How can we make best use of the vast amounts of data on genomics, epidemiology and population-level health being collected by researchers? Maximizing the benefits depends on how well we as a scientific community share information.

The Human Genome Project set strong precedents for rapid pre-publication data sharing, and all biological research has benefited enormously from this approach. Most research-funding agencies, and most scientists, now agree that research data should be shared — provided that those who donate their data and samples are protected. This approach is strongly advocated by organizations such as the Global Alliance for Genomics and Health. But data sharing will work well only when it is streamlined, efficient and fair. How can more scientists be encouraged and helped to make their data available, without adding an undue administrative burden?

I chair an expert advisory group on data access that has examined this question. As part of our work, we surveyed current practices and questioned Nature readers. We saw plenty of good practice — in the UK social-sciences community, for example — but also significant inefficiencies. Both those who generate data and those who want to use them expressed frustration at the way that data-access processes are frequently opaque.

At present, mechanisms for data sharing are too often an afterthought. Access protocols are set up and managed differently from study to study, and this adds to the administrative burden for both producers and users. No one wins in this scenario, least of all those who donate their personal data.

Today, we publish our recommendations (see They are aimed at research funders, who are best placed to implement them. But we hope that all researchers will find them useful. A key recommendation is that data-access plans should be integral to the grant-application process. Researchers should set out what they regard as a reasonable process for governing and managing access, including estimates of the costs of making the data visible and available to other researchers. The review process should advise on this and the data-access plan should be an integral, auditable part of the funded grant.

Generally speaking, bigger studies will need more-substantial processes. Small experimental studies may reasonably do no more than make their data available on request, after the time to prepare for publication. Very large studies require a more formal data-access plan from their inception.

Safeguarding participants’ identity should not require a complex or opaque system of data access.

Many epidemiological or genomic studies establish data-access committees (DACs) to manage data release.
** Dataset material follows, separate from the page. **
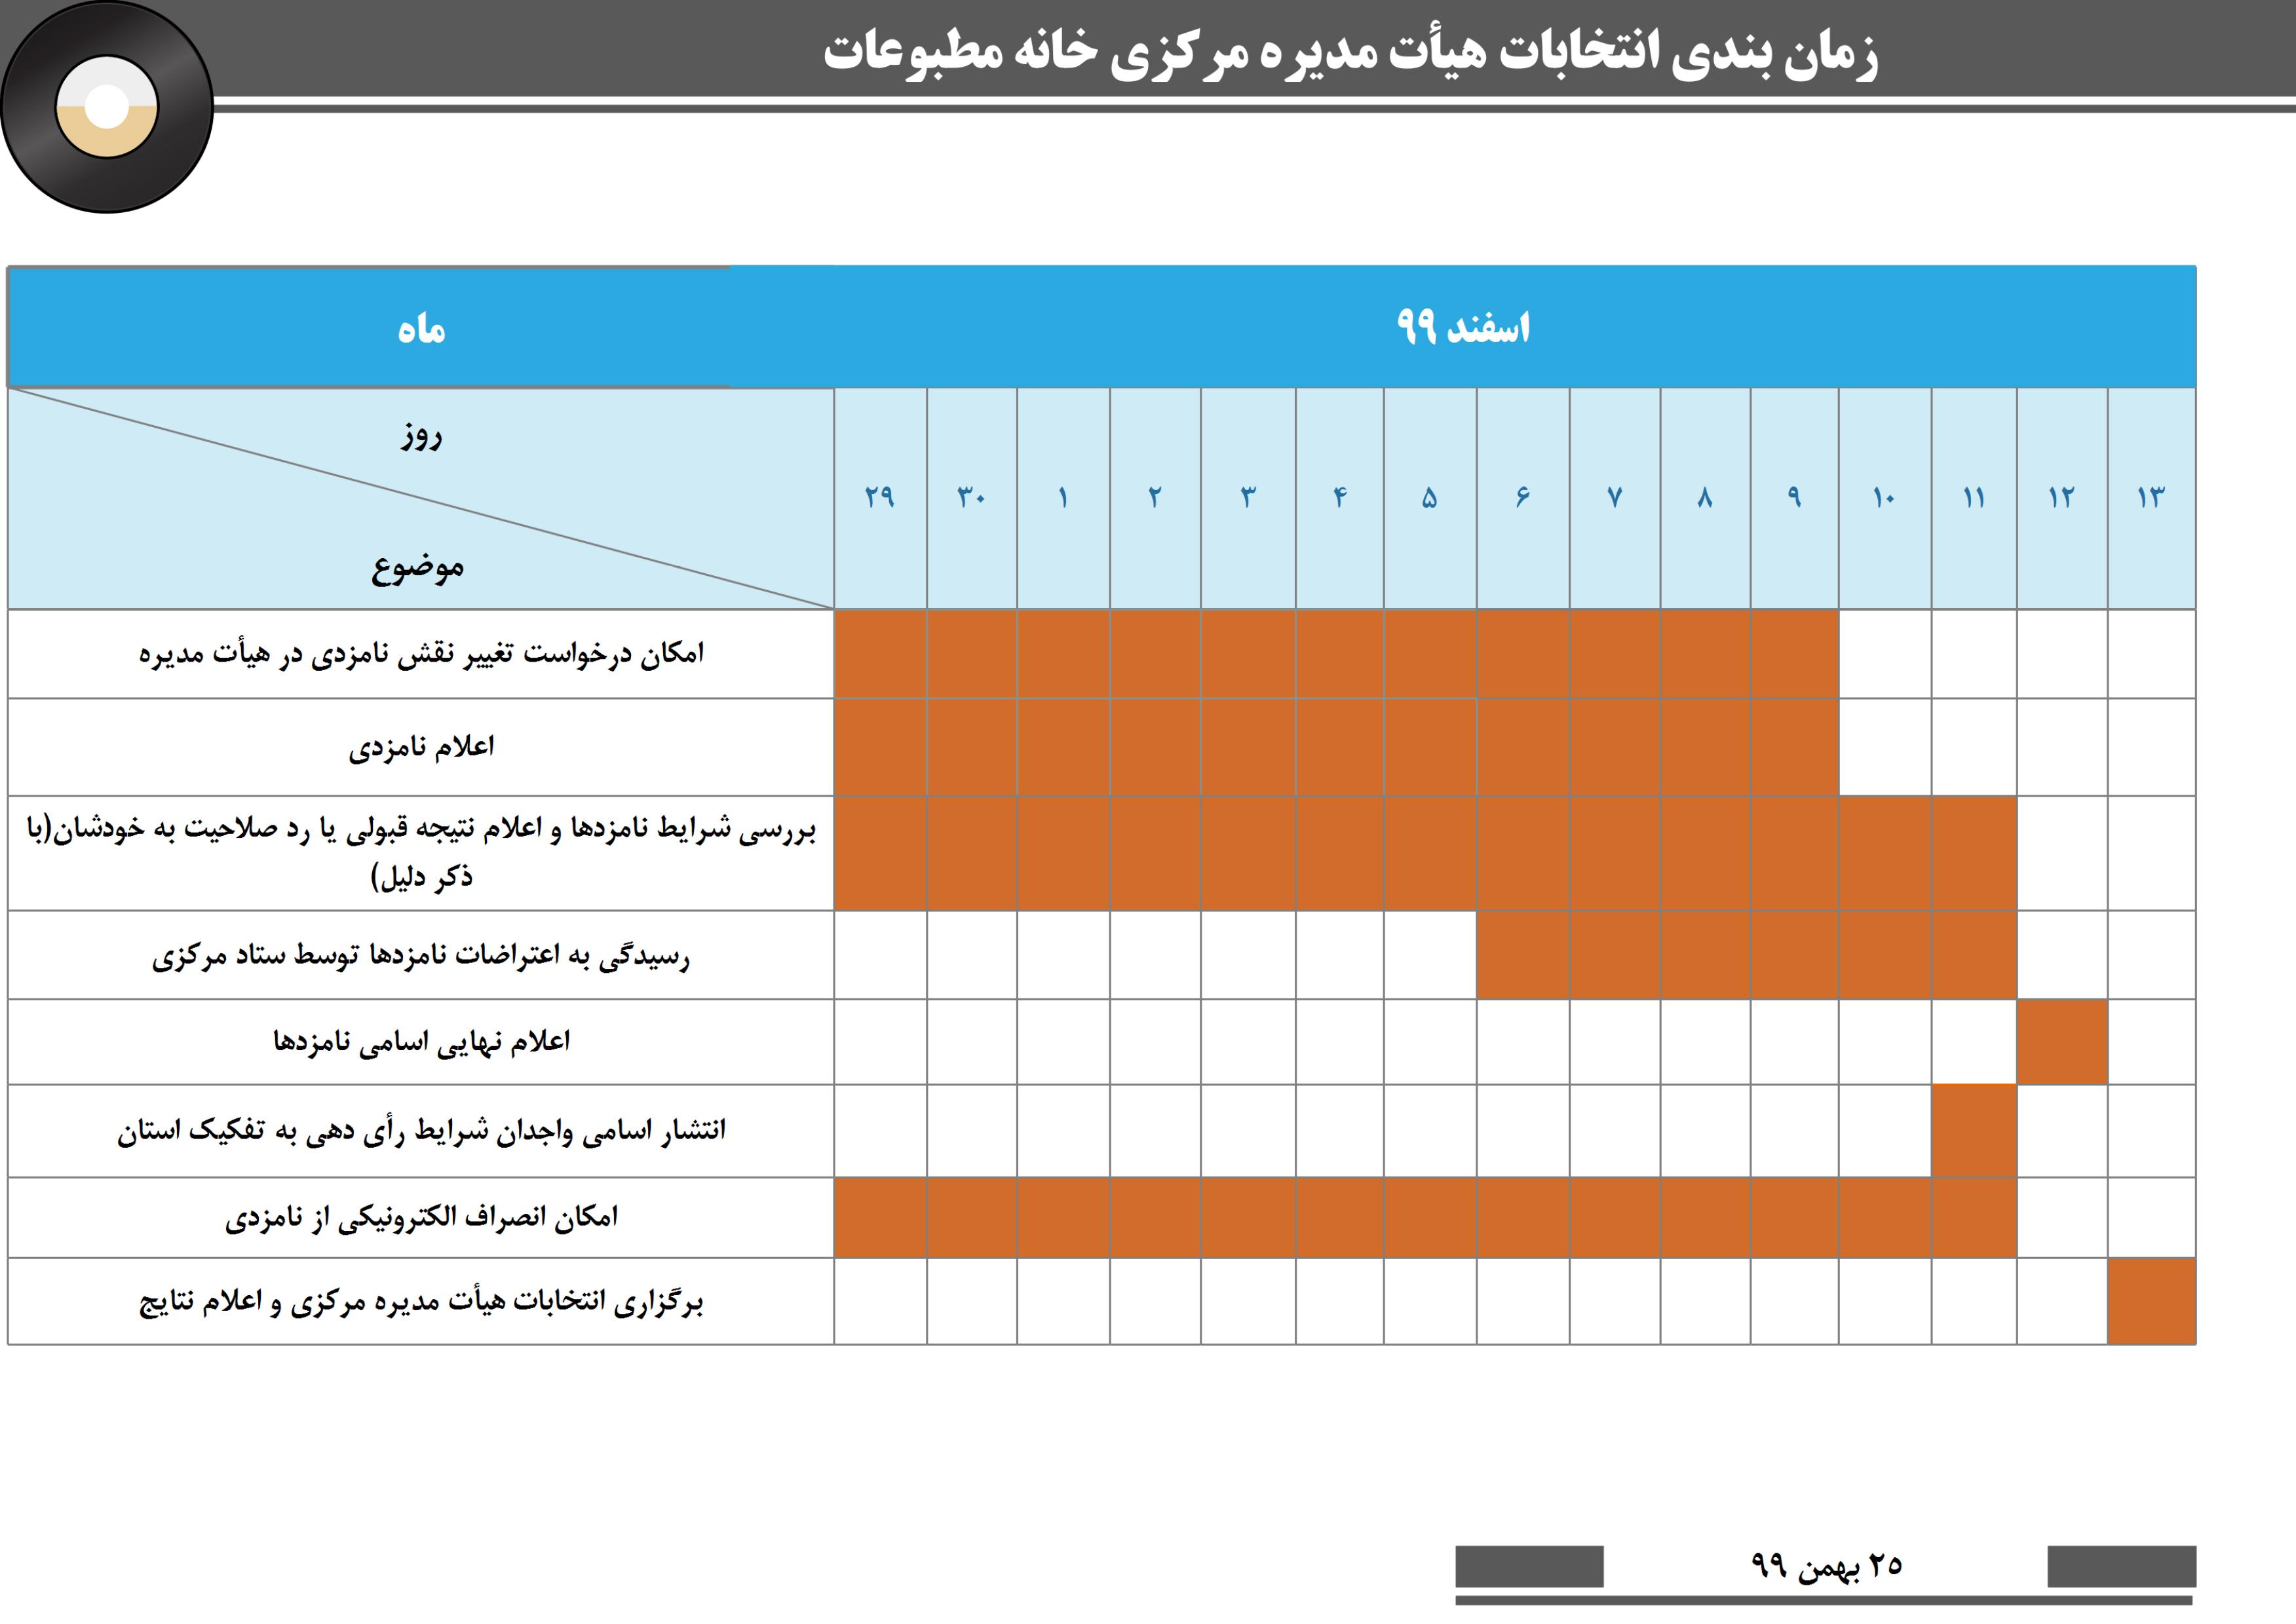 جدول زمانبندی انتخابات هیات مدیره خانه مطبوعات و رسانه های کشور در 13 اسفند

It makes little sense for each to do this in isolation, with individual processes and policies. The information required by DACs, and the undertakings they ask of potential data users, are usually similar across studies. Where possible, funders should encourage the streamlining and standardization of this process, while allowing for the fact that studies have their own characteristics. It would be helpful, where possible, to introduce common application forms and adjudication processes, and to allow new studies to make use of or consolidate with existing DACs. Access procedures should be made more transparent and straightforward by including an independent appeals process for settling disputes over access requests.
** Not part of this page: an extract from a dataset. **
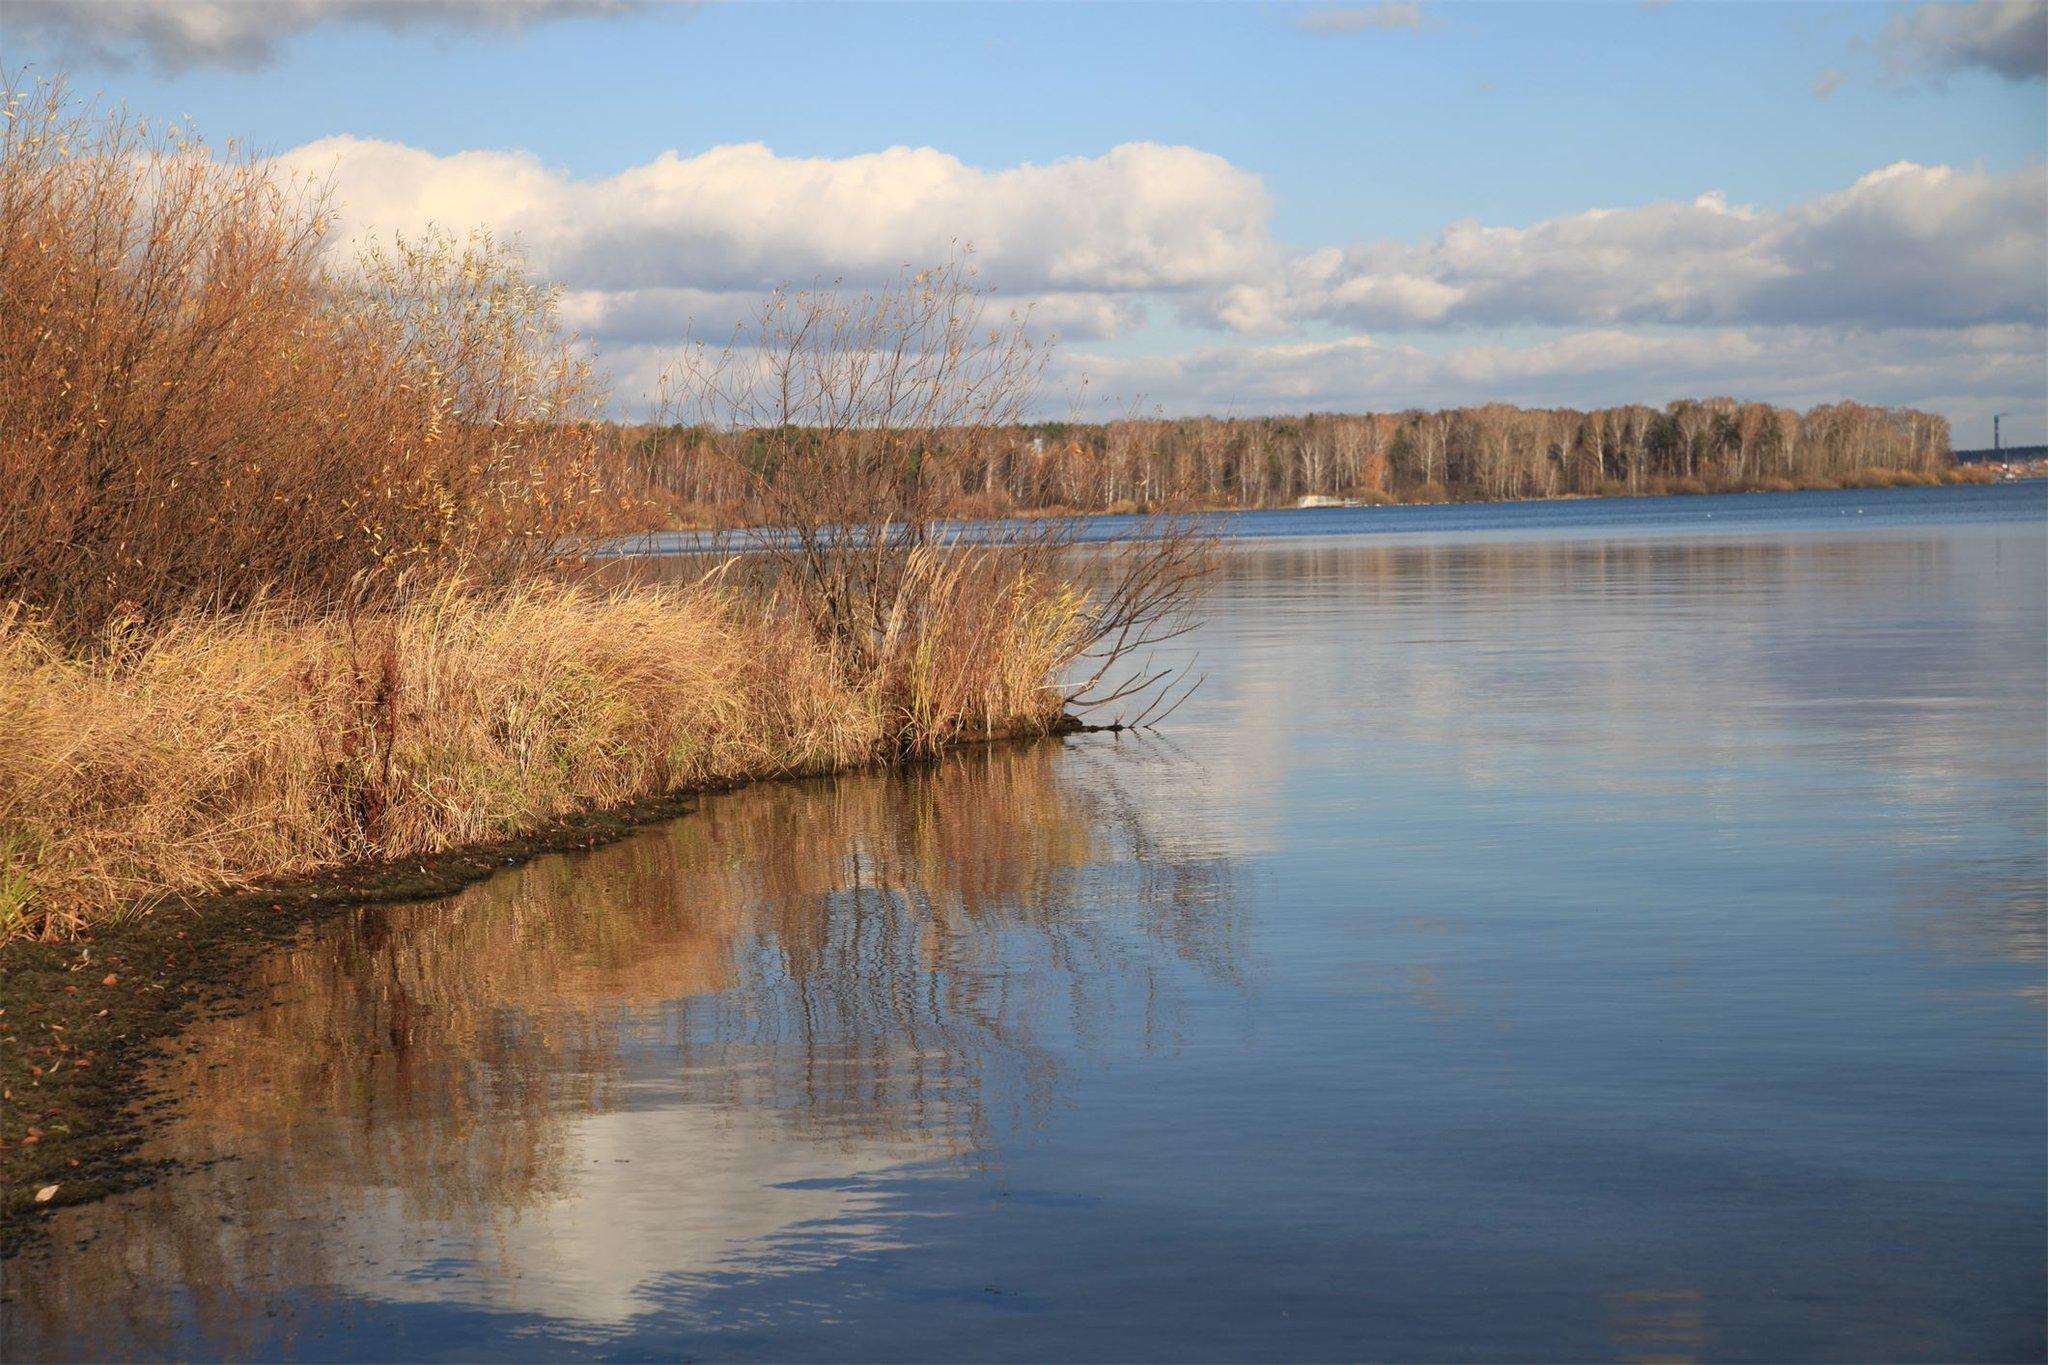 картинки озера екатеринбурга ничего приукрасил ничего

Protecting research participants is sometimes cited as a reason for withholding data. The risk that research participants could be re-identified from shared data must be carefully assessed, particularly when data sets are linked in novel ways. But safeguarding participants’ identity should not require a complex or opaque system of data access, as often seems to be the case.

It is easier to protect subjects if researchers build data access into their studies from the beginning. Participant consent forms, for example, should be designed with data sharing in mind — granting permission for de-identified personal information to be shared safely with researchers outside the study group.

It is reasonable for scientists to impose certain conditions or restrictions on the use of their hard-earned data sets, but these should be proportionate and kept to a minimum. Justifiable conditions can range from requiring secondary users to acknowledge the source of the data in publications, to stipulating a fair embargo time on the use of new data releases. Whatever the conditions imposed, they need to be presented clearly to data users.

Criteria used to judge academic careers still focus heavily on individual publication records and provide little incentive for wider data sharing. Scientists who let others use their data deserve reward too.

To build trust, any significant breaches of data- and material-transfer agreements should be treated seriously, with appropriate sanctions being imposed, such as prevention of future access to data sets, or forcing the withdrawal of a published paper.

Credit: Wellcome Library, London

Funders should expect that each data set they support will be made accessible unless there are particular, agreed reasons for it not to be. Science is increasingly a joint, international and collaborative enterprise. The emphasis now must be on encouraging scientists, with support and resources from funders, to voluntarily make their data more readily available to others.